Goal of the exercise: From the entries that follow, report every line in which "Antique" occurs.

Data listing:
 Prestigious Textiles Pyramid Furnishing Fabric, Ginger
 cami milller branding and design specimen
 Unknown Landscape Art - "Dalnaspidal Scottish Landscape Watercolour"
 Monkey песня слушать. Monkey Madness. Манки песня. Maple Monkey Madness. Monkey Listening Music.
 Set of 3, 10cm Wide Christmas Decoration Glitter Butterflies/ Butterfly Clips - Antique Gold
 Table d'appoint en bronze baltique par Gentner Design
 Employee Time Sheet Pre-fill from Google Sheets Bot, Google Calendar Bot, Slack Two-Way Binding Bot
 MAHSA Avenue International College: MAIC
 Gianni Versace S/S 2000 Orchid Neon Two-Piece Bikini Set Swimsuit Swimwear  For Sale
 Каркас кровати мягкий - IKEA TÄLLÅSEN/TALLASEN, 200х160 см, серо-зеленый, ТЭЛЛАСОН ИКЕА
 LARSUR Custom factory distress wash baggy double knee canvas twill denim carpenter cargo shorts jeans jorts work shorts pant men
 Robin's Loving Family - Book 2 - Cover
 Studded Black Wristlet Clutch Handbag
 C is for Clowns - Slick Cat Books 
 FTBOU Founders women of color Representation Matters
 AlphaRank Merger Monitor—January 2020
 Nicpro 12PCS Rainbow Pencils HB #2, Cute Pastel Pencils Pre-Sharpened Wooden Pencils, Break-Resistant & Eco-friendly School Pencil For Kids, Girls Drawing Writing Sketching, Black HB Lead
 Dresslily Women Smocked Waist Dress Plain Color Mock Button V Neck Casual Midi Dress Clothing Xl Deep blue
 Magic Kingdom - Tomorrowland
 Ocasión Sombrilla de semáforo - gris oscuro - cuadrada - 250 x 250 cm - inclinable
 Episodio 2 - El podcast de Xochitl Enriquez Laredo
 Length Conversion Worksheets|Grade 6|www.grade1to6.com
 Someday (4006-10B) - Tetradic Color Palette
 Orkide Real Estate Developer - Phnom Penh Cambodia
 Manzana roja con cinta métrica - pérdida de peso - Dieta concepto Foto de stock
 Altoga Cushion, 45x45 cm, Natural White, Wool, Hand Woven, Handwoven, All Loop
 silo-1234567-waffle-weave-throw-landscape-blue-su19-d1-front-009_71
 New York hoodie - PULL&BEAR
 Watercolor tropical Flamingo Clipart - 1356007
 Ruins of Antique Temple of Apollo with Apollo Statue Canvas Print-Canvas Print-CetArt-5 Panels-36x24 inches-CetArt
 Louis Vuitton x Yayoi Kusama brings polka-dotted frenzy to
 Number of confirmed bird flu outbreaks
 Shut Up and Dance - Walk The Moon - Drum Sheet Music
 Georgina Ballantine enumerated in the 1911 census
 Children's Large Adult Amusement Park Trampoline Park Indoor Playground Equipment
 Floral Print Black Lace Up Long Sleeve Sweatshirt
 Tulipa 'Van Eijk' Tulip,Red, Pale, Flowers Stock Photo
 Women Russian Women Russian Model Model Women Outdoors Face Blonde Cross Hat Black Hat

Solution to this exercise:
 Set of 3, 10cm Wide Christmas Decoration Glitter Butterflies/ Butterfly Clips - Antique Gold
 Ruins of Antique Temple of Apollo with Apollo Statue Canvas Print-Canvas Print-CetArt-5 Panels-36x24 inches-CetArt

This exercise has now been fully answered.